Perhaps the most significant part of the report is its assessment of the “substantial changes” between the original Westminster Confession of Faith and the 1788 American revisions on the important topic of political theology.

This is a point of serious contention among some of the brightest minds in the denomination, including Kevin DeYoung, the moderator of last year’s General Assembly, and the person responsible for forming the committee. DeYoung’s argument, alluded to in the report, is that the two versions “represent genuinely different and irreconcilable views of the civil magistrate.” Others argue the two versions are not contradictory but represent “different applications of the same shared principles to dissimilar political contexts.” The former say the 1788 revisions are a correction; the latter argue they are an adaptation to a new political reality. 

Though the report denies any attempt to resolve the question definitively, one cannot help but sense that its conclusions betray a sympathy with the correctionist view. 

While no one doubts the changes to WCF 23.3 were “substantial,” the committee goes further to assert that American Presbyterians made them because they believed the original confession “gave too much authority to the civil magistrate in matters of religion” and intended “to correct what they regarded as an error.”

The committee refers specifically to the removal of such magisterial rights and duties as suppressing heresies and calling synods delineated in the American revisions of WCF 23.3. The revisions also explicitly deny the magistrate the right to “interfere in matters of faith.” Any PCA officer who believes, in principle, that magistrates retain those rights and duties, the committee concludes, “is out of accord with the PCA’s Standards and must declare this difference to his examining body.”

PCA officers are bound to the 1788 revisions as stated in our Constitution. That much is true. However, the committee’s conclusion begs the question. It simply assumes that the removal of certain items equals their rejection and that revised language forbidding magistrates from interfering “in the least” in matters of faith settles the case. 

Yet, the debate is precisely that. The revisions could represent a substantial reformation in political theology. They could also represent a substantial rethinking of subscription in a new political context. We do know that the 1788 revisions were the product of compromise, and the removal of certain items does not necessarily mean the American Presbyterians believed the confession contained theological error—only that it erred in requiring ministers to subscribe to ideas that were genuinely contested in good faith. 

Indeed, the committee’s report admits “the Reformed tradition has not spoken with one voice on the relationship between church and state” and that “thoughtful, godly, confessional Presbyterians have held (and do hold) substantially different views on these questions.” For that reason, their recommendations regarding subscription leave me scratching my head.

For one, it would require officers to state differences with points that are not actually in the Confession. Regardless of what an officer believes about the magistrate’s capacity to call synods, for example, the 1788 Westminster Standards make no explicit reference to that question. It only says the magistrate may not “in the least, interfere in matters of faith.” Is the civil magistrate “interfering” by simply asking the church to conduct its own business? 

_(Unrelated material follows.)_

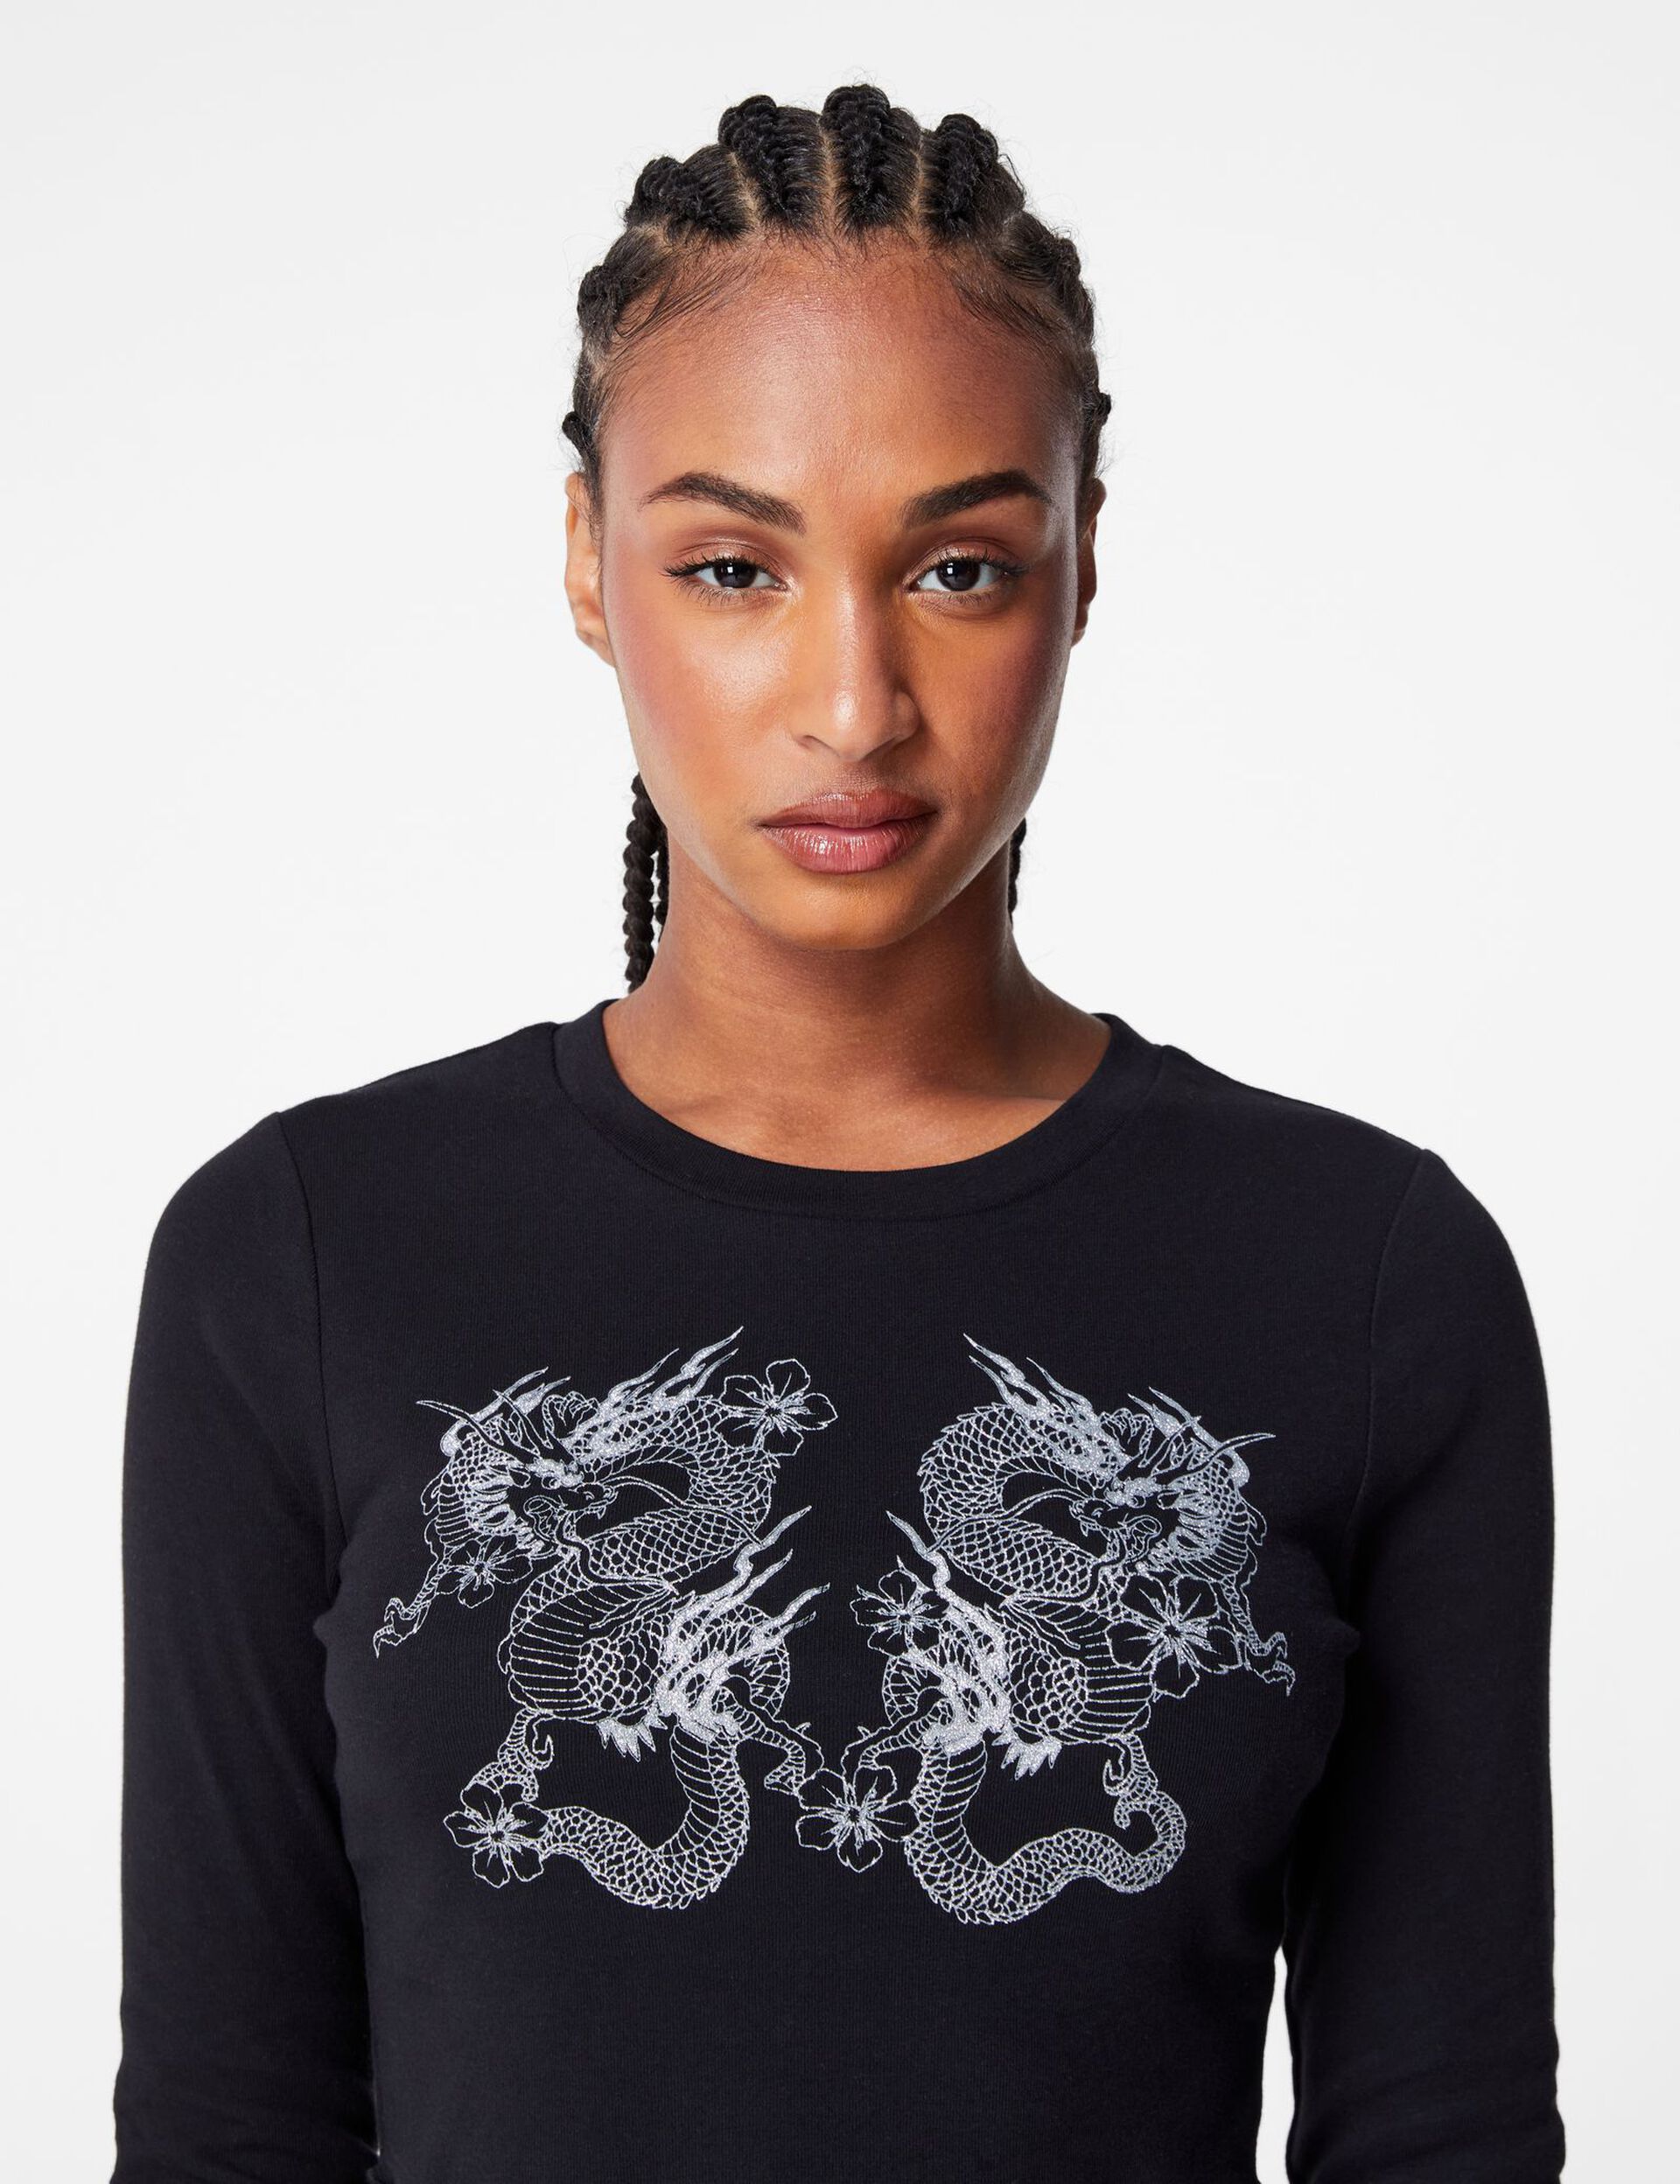 Tee-shirt noir avec dragon pailleté argenté

More alarming is the “tension” the correctionist interpretation creates within the Standards themselves. Despite significant changes, the revisions still say the church is “countenanced and maintained” by civil magistrates (WLC 191) who are duty-bound to “maintain piety” (WCF 23.2), even to the point of “opposing all false worship” and, according to their place, “calling, removing it, and all monuments of idolatry” (WLC 109).

As I see it, the committee’s report could precipitate a situation where every PCA officer is required to state a difference, either with the language that’s not there or with the language that is. 

The Ethnos Question

My second question concerns the partial report’s treatment of so-called “ethno-nationalism.”

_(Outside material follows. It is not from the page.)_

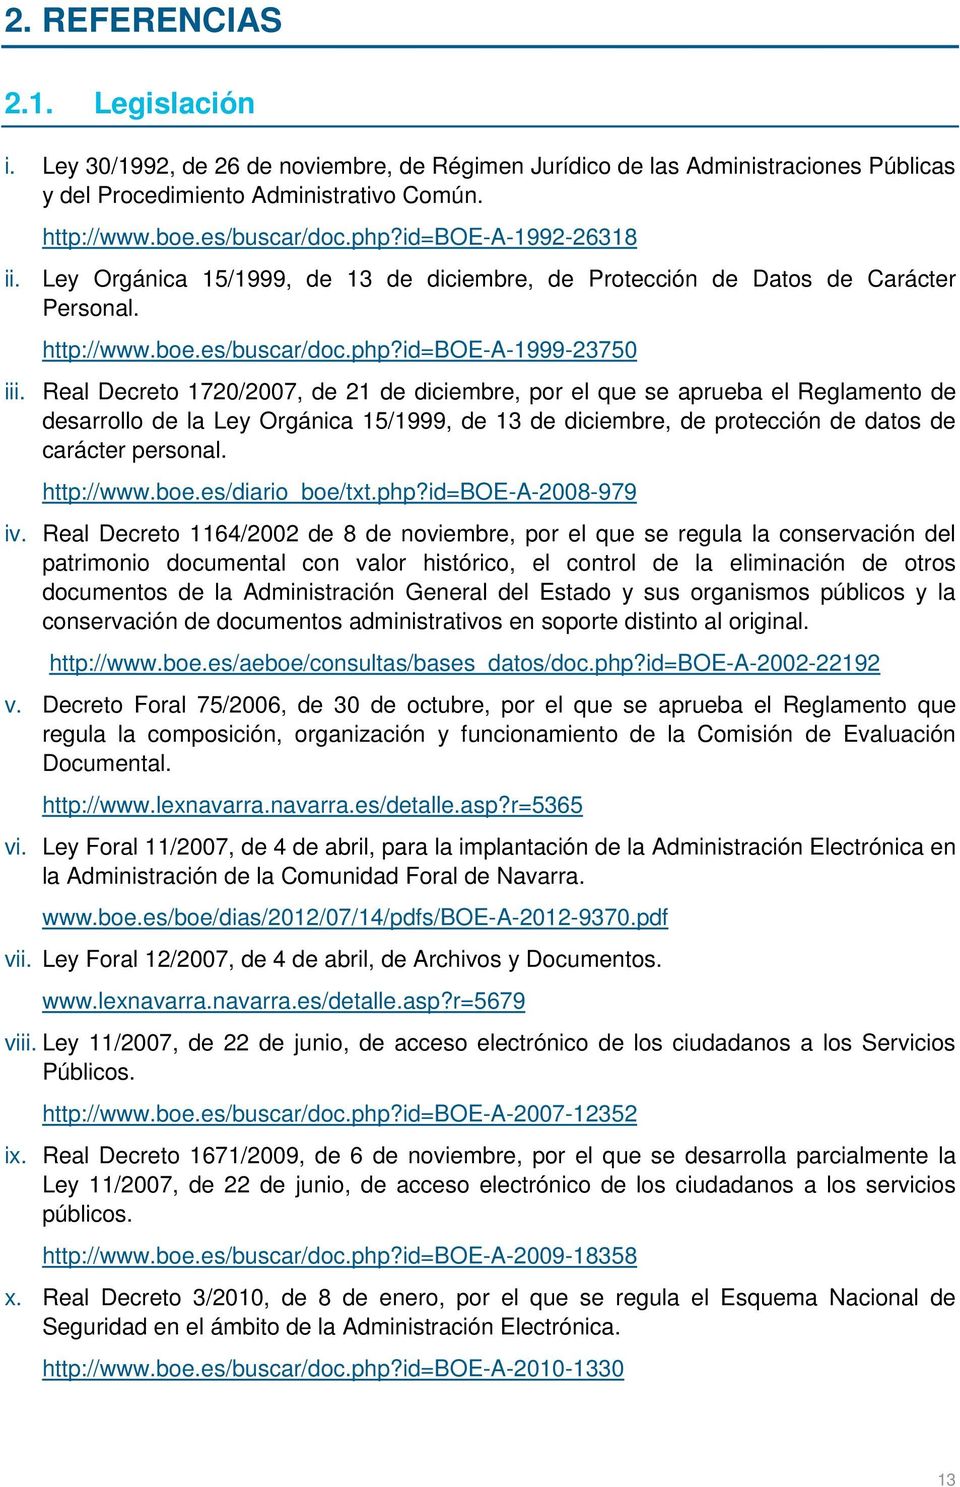 Real Decreto 1720/2007, de 21 de diciembre, por el que se aprueba el Reglamento de desarrollo de la Ley Orgánica 15/1999, de 13 de diciembre, de protección de datos de carácter personal. http://www.

Race-based identity politics is particularly distasteful and brings shame upon the bride of Christ. But pithy, sweeping declarations like the 52nd General Assembly’s condemnation of “any theological or political teaching which posits a superiority of race or ethnic identity born of immutable human characteristics” leave us vulnerable to attack. If we want to neuter the threat of racial or ethnic vainglory, we can’t always play the part of club-swinging brute. We must also apply the precision and nuance that our Reformed forefathers regularly displayed in their works.

The committee’s partial report is a step in the right direction, but what should be an easy dismantling of racial ideology becomes a political judgment far beyond the scope of the church.

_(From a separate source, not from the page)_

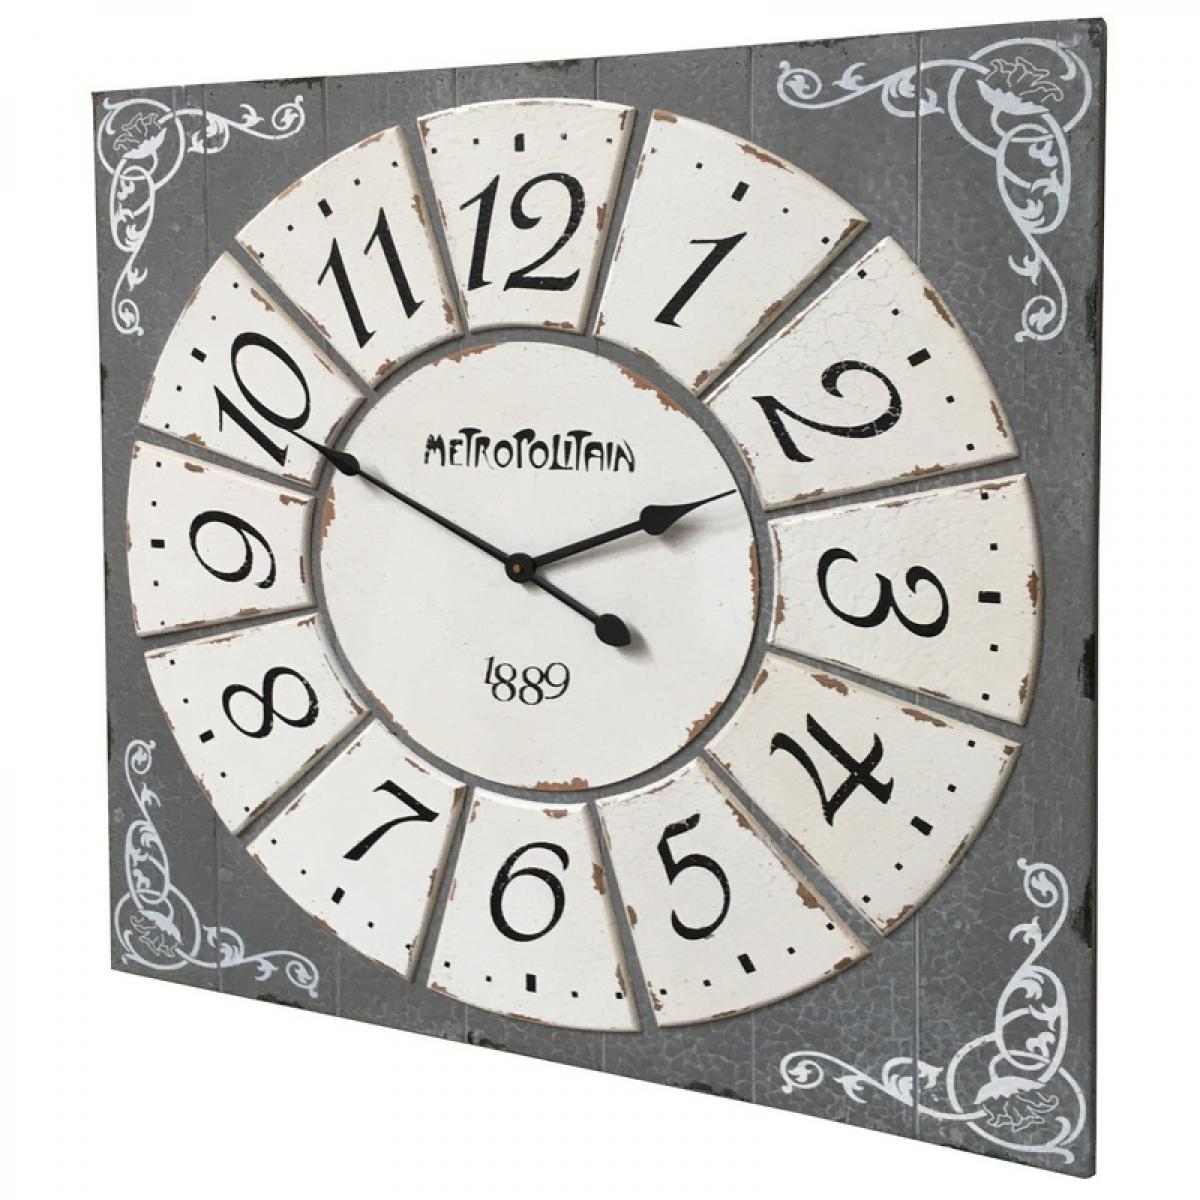 L'Originale Deco - Grande Horloge Industriel Carrée Bois Métal Fer 78 cm x 78 cm - Horloges, pendules

Take, for example, this paragraph from the partial report:

The gospel proclaims that in Christ, ethnic divisions are transcended, saying, “There is neither Jew nor Greek, there is neither slave nor free, there is no male and female, for you are all one in Christ Jesus” (Gal. 3:28). It is the view of the Committee that any form of Christian Nationalism that elevates ethnic or racial identity to a position of theological significance, that treats ethnic homogeneity as a positive good to be pursued through civil law, or that justifies discrimination on the basis of ethnicity or race is inconsistent with the PCA’s constitutional Standards and with Scripture [emphasis added].

Notice that the report uses “ethnic,” not “racial,” “homogeneity”—a distinction that must be deliberate given that the preceding clause already separates the two terms.

In common parlance, race refers to immutable, physical traits, while ethnicity refers to ancestry, shared culture, customs, and tradition. Ethnicity more closely aligns with the word ethnos, or what our Bible often translates as “nation” or “people.” The incorporation of foreigners into Old Testament Israel demonstrates that two people need not share the same race to share an ethnos, so long as they’re united by common culture, history, and custom.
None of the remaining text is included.